その後、株式会社ビーンズを起業。自社開発のオーガニック離乳食は伊勢丹等有名百貨店から依頼され店舗販売もスタートし、年商数億円規模に拡大、海外にも進出中。また、世の中にない「あったらいいな」という医療系食品を企画開発しコロナ禍に東京の有名病院にて販売開始し、患者様や病院から感謝される活動も展開。さらに、伊右衛門ブランドやWIRED CAFEや寺田倉庫の日本マルシェなど話題商品や企画のプロデュースも実施。
樋口 達也
株式会社サーキュレーション プロシェアリング本部マネジャー
金融コンサルティング企業を経て、サーキュレーションへ入社。製造業界を担当するセクションの責任者を務め、自らもB2Cのコマース領域を中心にプロシェアリングコンサルタントとして、100件以上のプロジェクトを担当。特に、(株)ユーグレナグループのD2C企業への支援では、経営者の戦略パートナーとして、社員ゼロ30名全員が業務委託のプロ人材という革新的な経営スタイルの実現に貢献。
板垣 和水
イベント企画・記事編集
慶應義塾大学在籍中にITベンチャーでのインターンに2年間従事。オウンドメディアのSEOやチームマネジメント、100本以上の記事ディレクション/ライティングに携わる。卒業後サーキュレーションに入社し、プロ人材の経験知見のアセスメント業務とコンテンツマーケターとしてオンラインイベントの企画〜運営を推進。

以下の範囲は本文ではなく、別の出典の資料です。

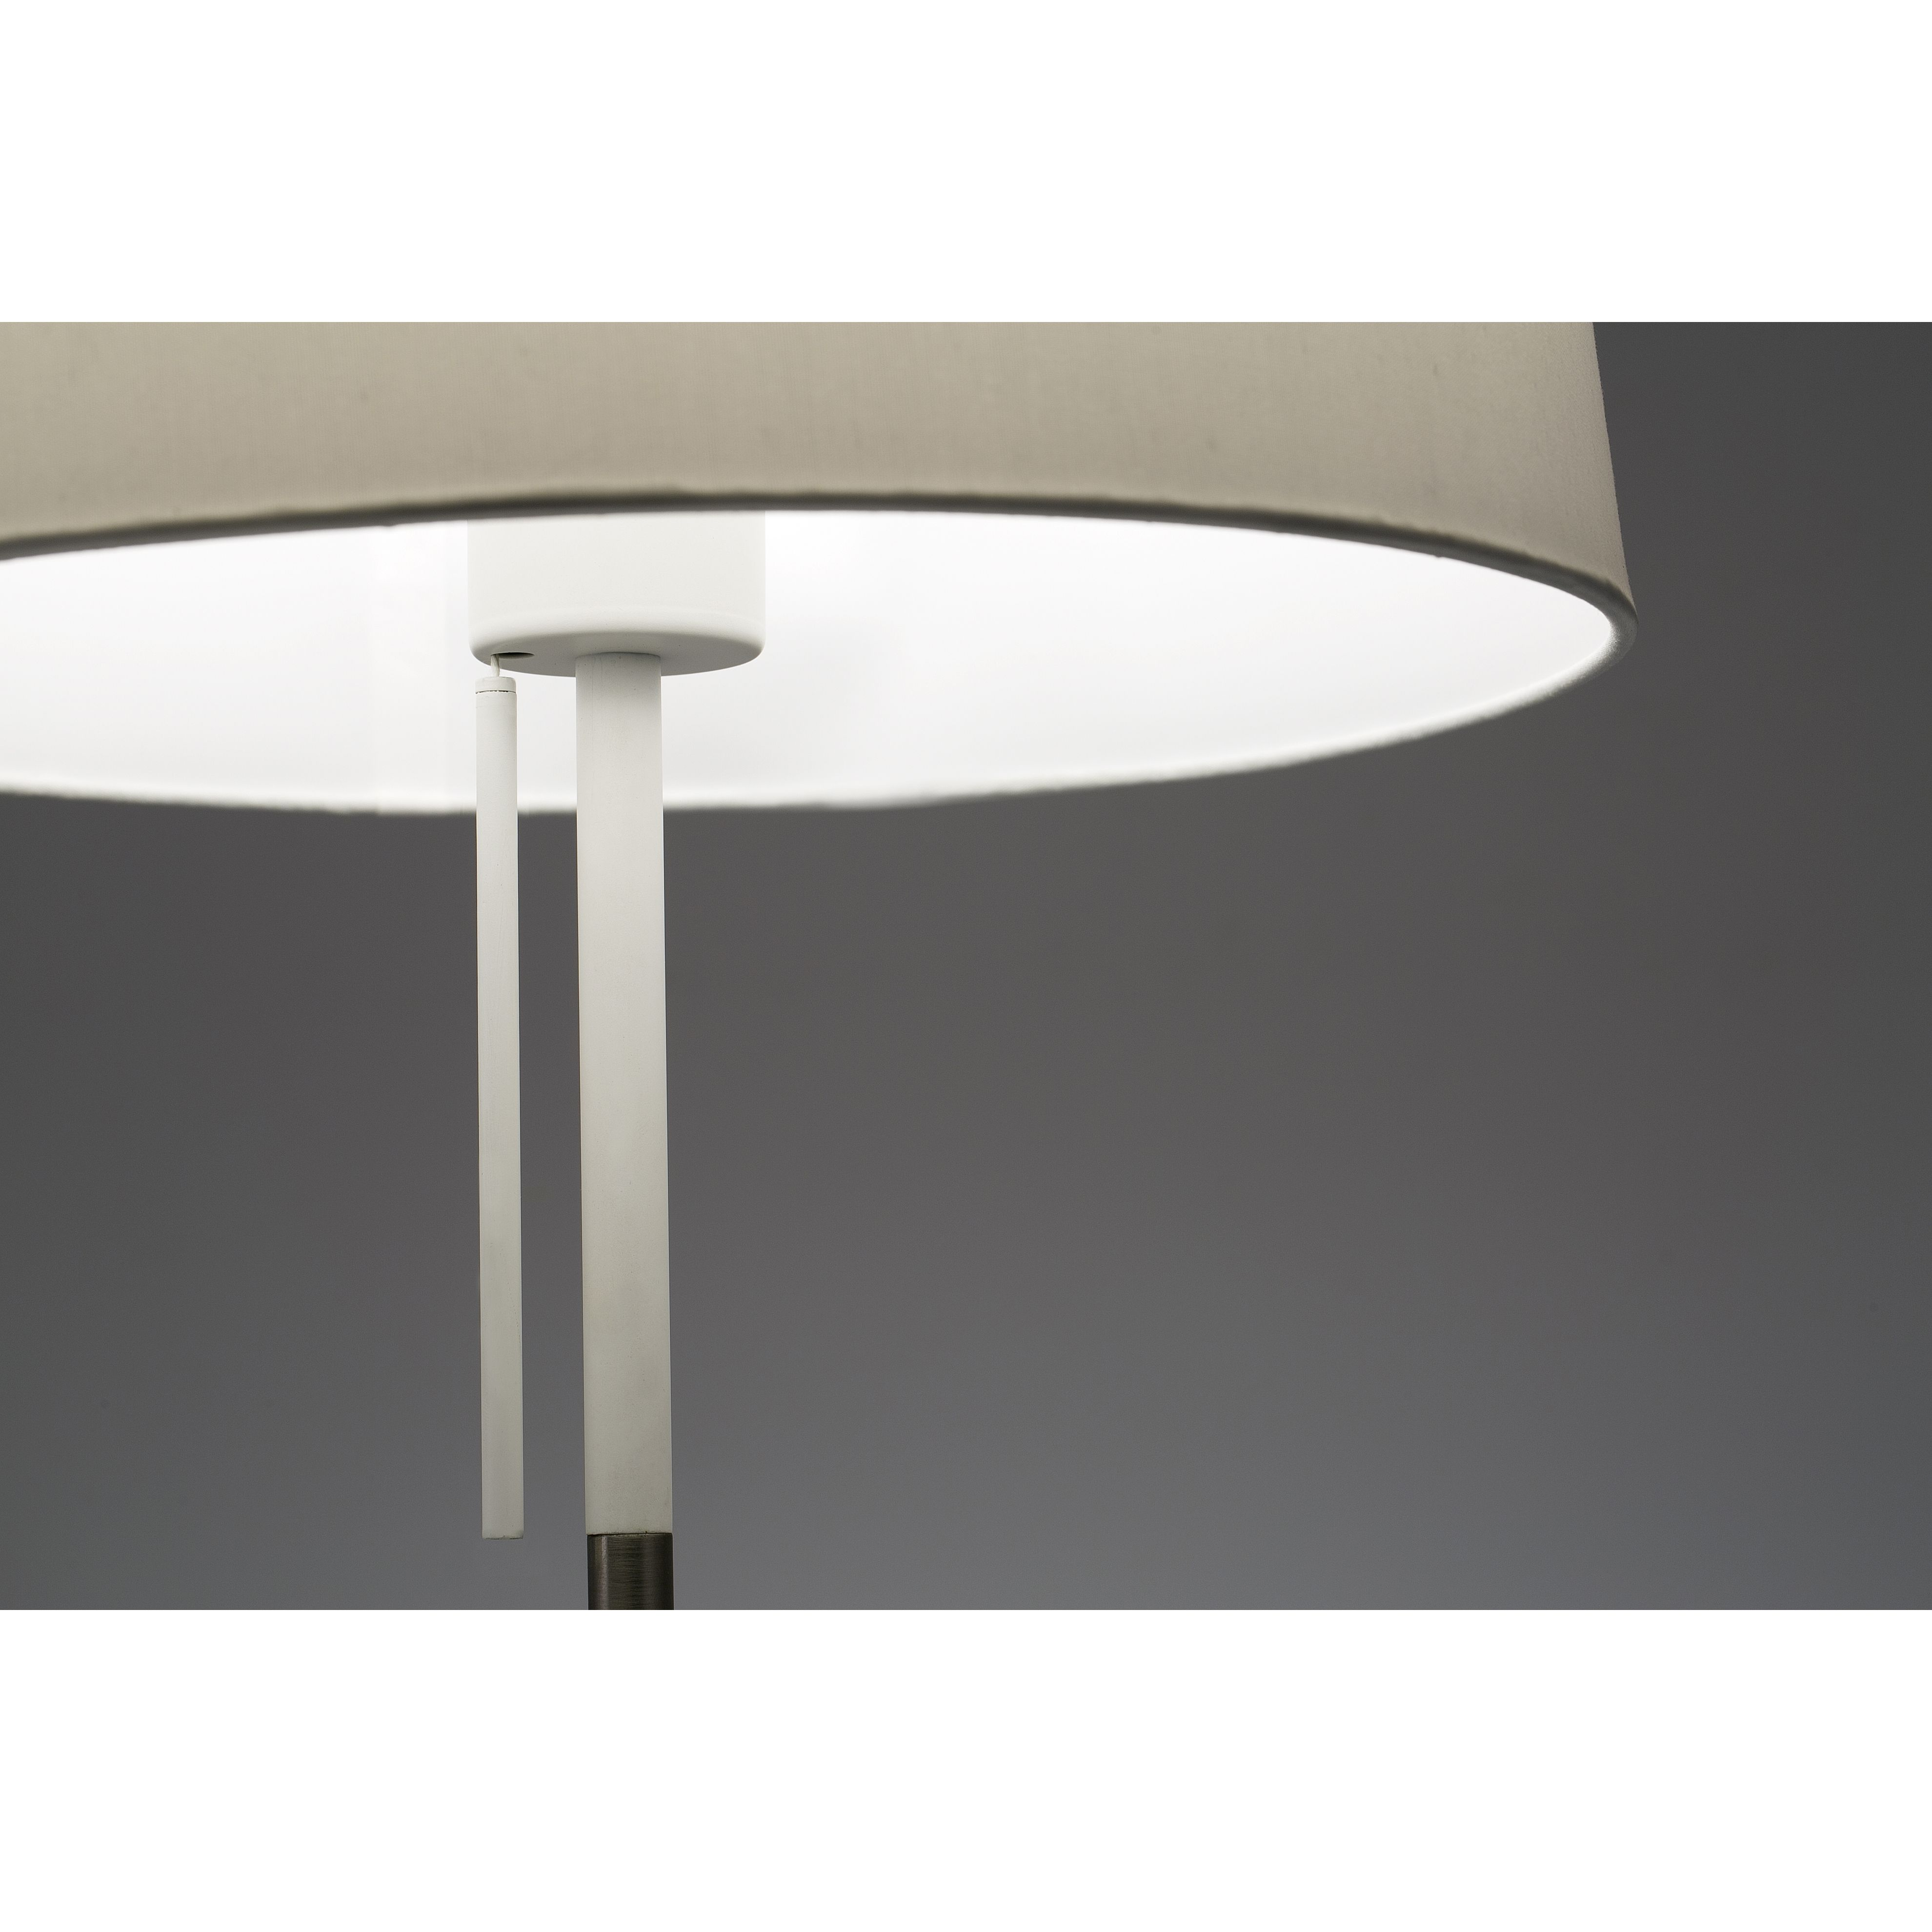 VOLTA white table lamp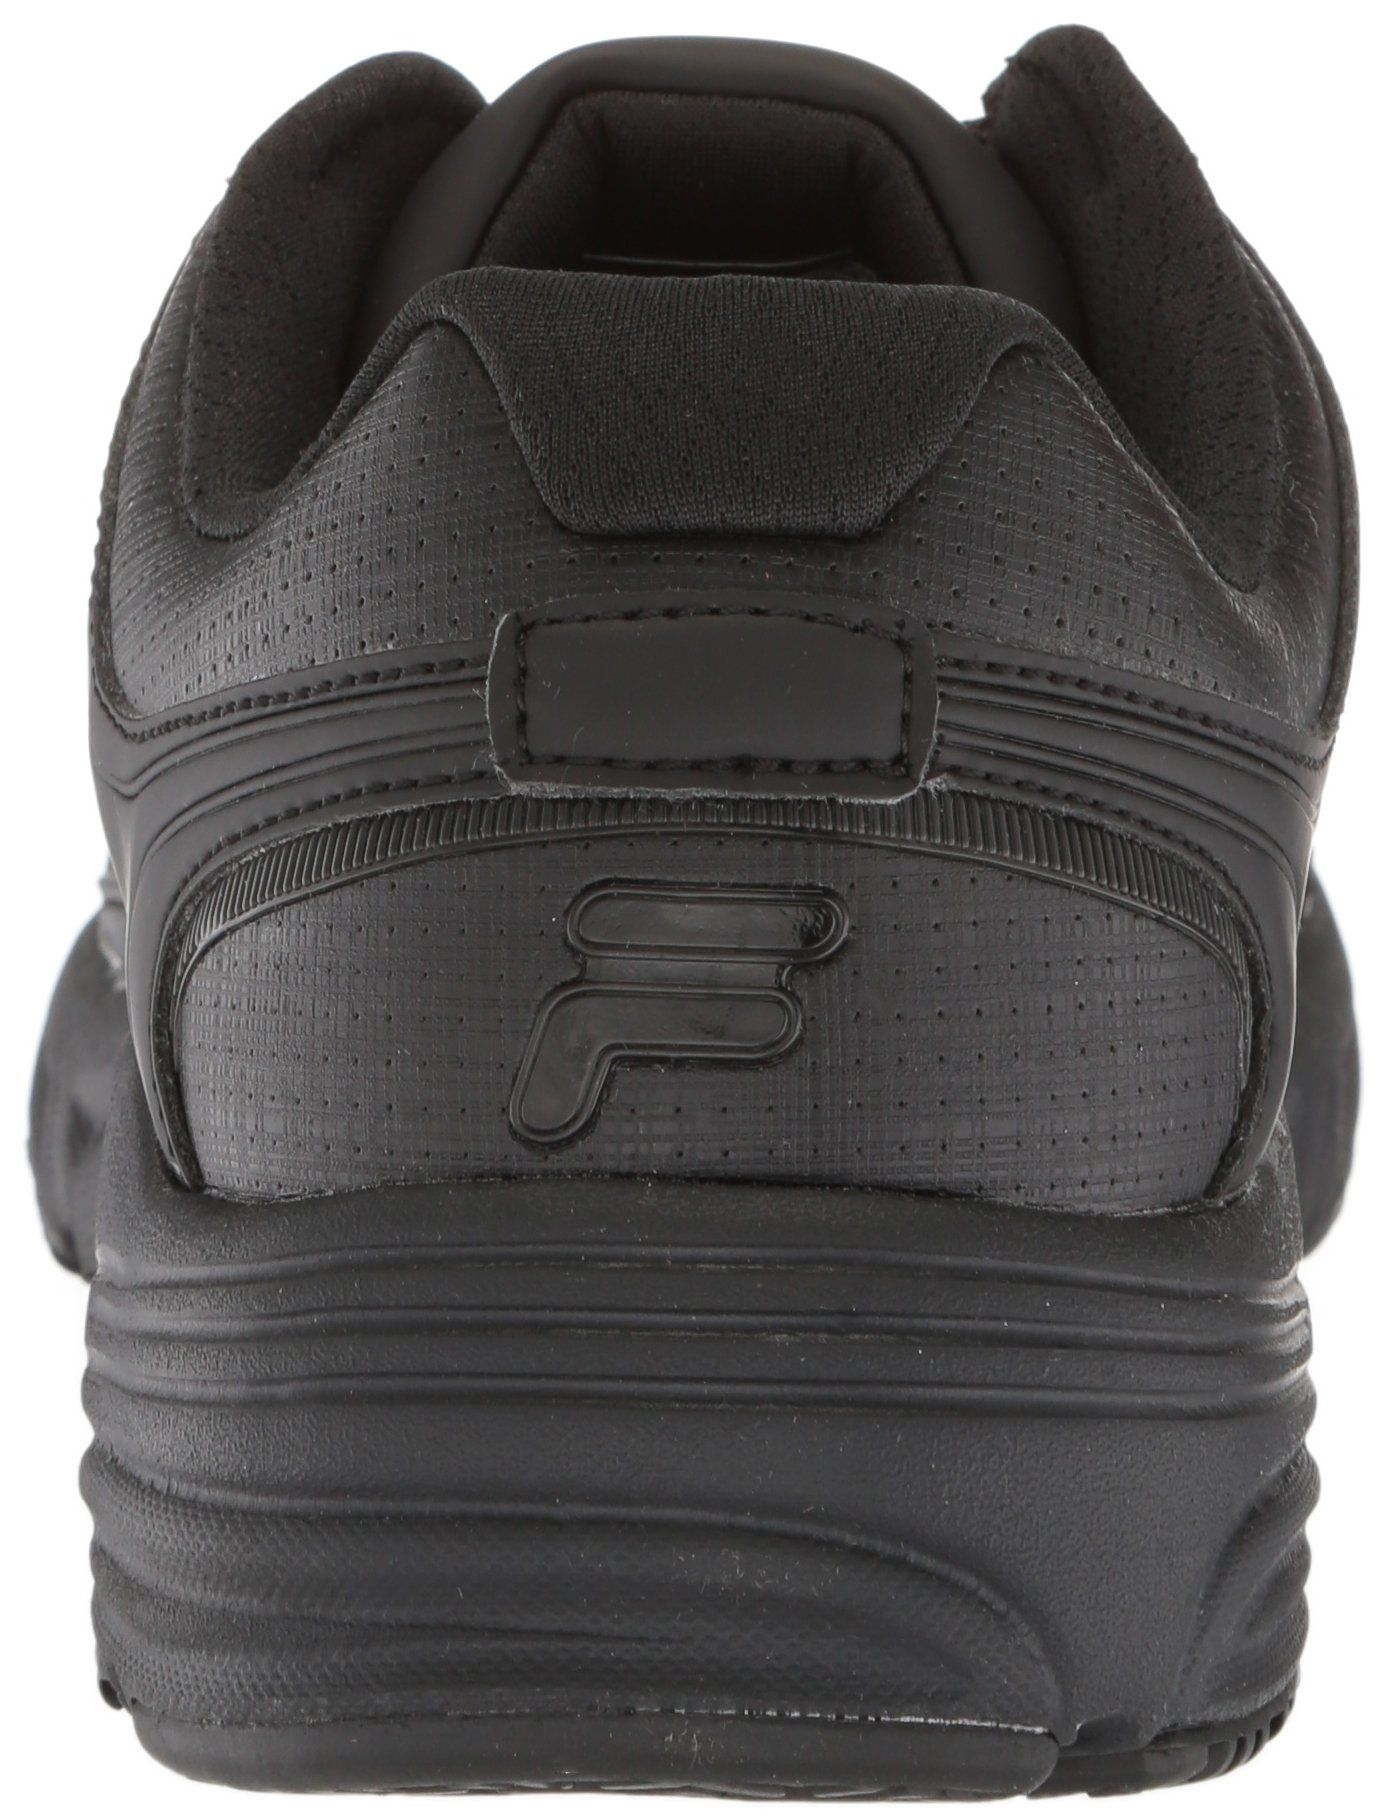 6446a9c286d6 Fila Women's Memory Fresh Start 2 Slip Resistant Work Shoe     Be ...

※プロフィール情報は2022/07/12時点のものになります。(尚、2022/10/12時点で長谷川氏は紗武鴻圭(さたけ ひろたか)氏に改名しております。)
Contents
急速に拡大するNFT市場の現状
NFT(Non-Fungible Token)とは非代替性トークンのことであり、ブロックチェーン技術を用いてデジタルデータを唯一無二の「デジタル資産」にできる技術だ。
デジタルデータなので、現実の世界に物質は存在しない。無形の資産でありながら、ピカソの原画や有名人の直筆サイン入りポスターのような、「替えが効かない」価値を生み出せるのがNFTの特徴なのだ。例えば、NFT化されたデジタルアートやTwitterのツイートが資産として高額で落札され、話題を呼んでいる。
こうした実例の登場も相まってNFTの注目度は右肩上がりで高まっており、市場は拡大中。2022年時点では30億ドル規模だが、2027年には136億ドル規模にまで成長すると予測されている。
NFTを取り入れた“食”の新規ビジネスとは?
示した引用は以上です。